▶ [Raw data]:
_____

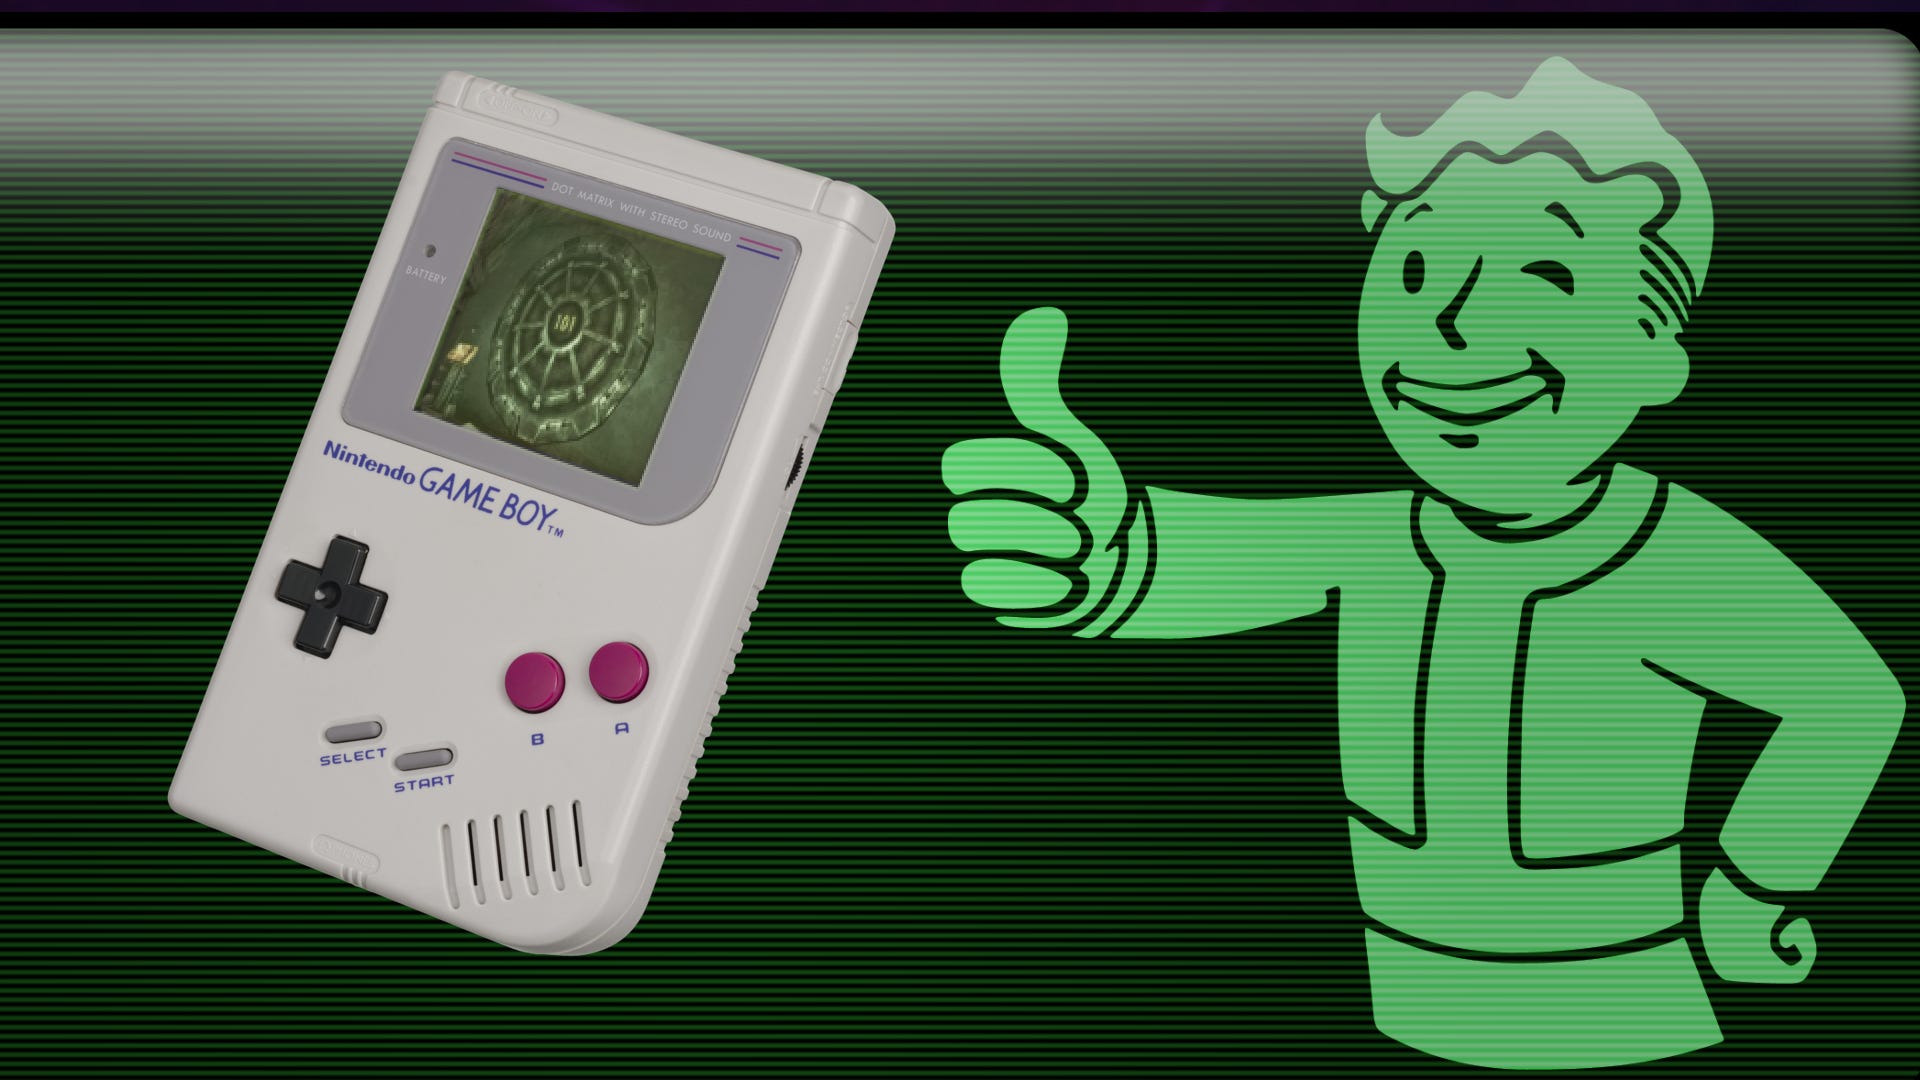 Waiting for Fallout 4’s next-gen update to drop? Here’s a cool fan demake of Fallout 3’s intro on the Gameboy to check out
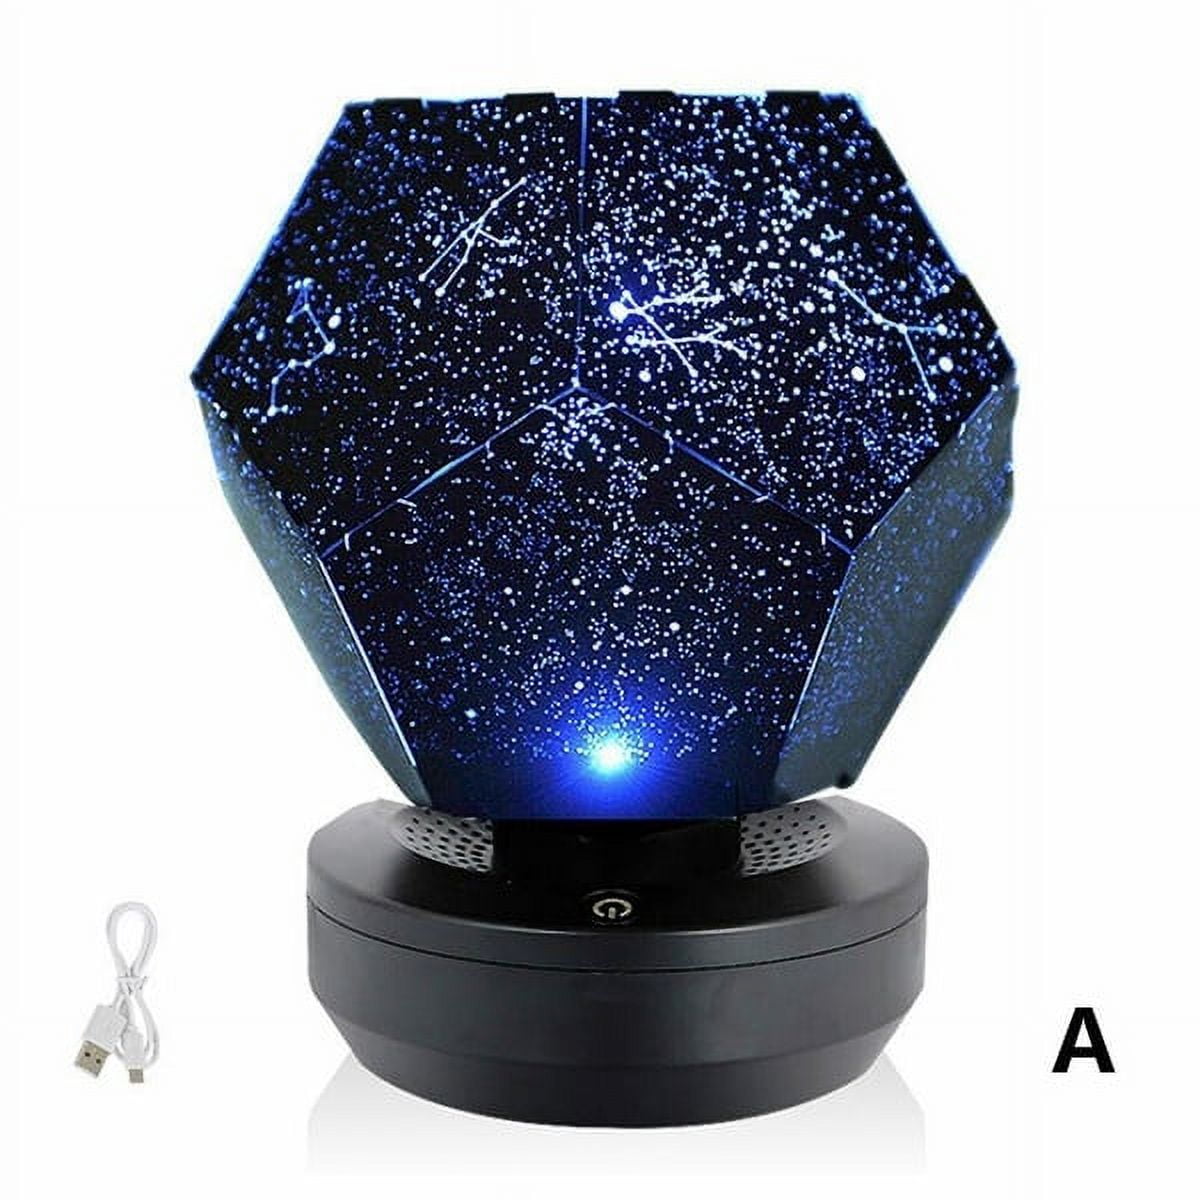 Romantic LED Starry Night Lamp 3D Star Projector Light for
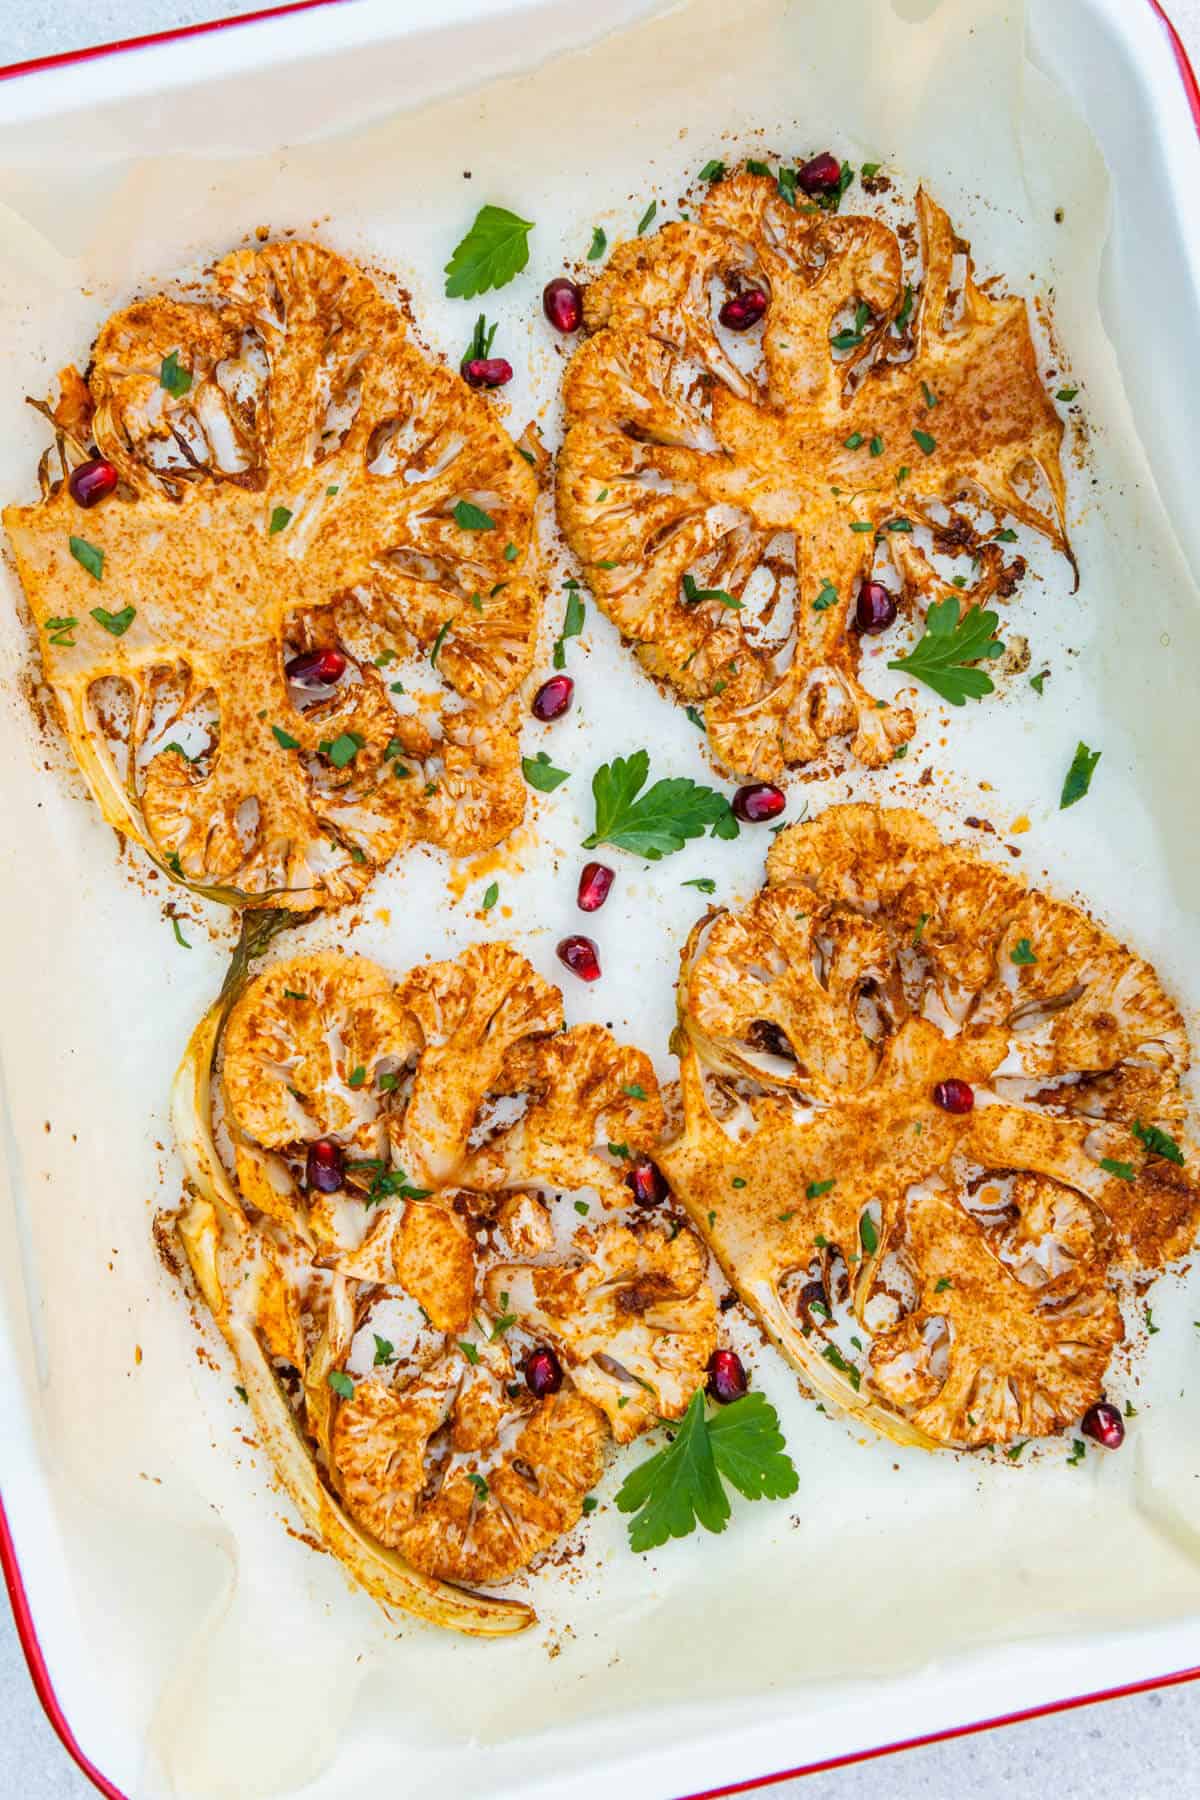 Four roasted cauliflower steaks in an oven tray

_____

▶ [Task goal]: Print the material exactly as given, but not the pictures.

▶ [Answer area]:
 Waiting for Fallout 4’s next-gen update to drop? Here’s a cool fan demake of Fallout 3’s intro on the Gameboy to check out
 Romantic LED Starry Night Lamp 3D Star Projector Light for
 Four roasted cauliflower steaks in an oven tray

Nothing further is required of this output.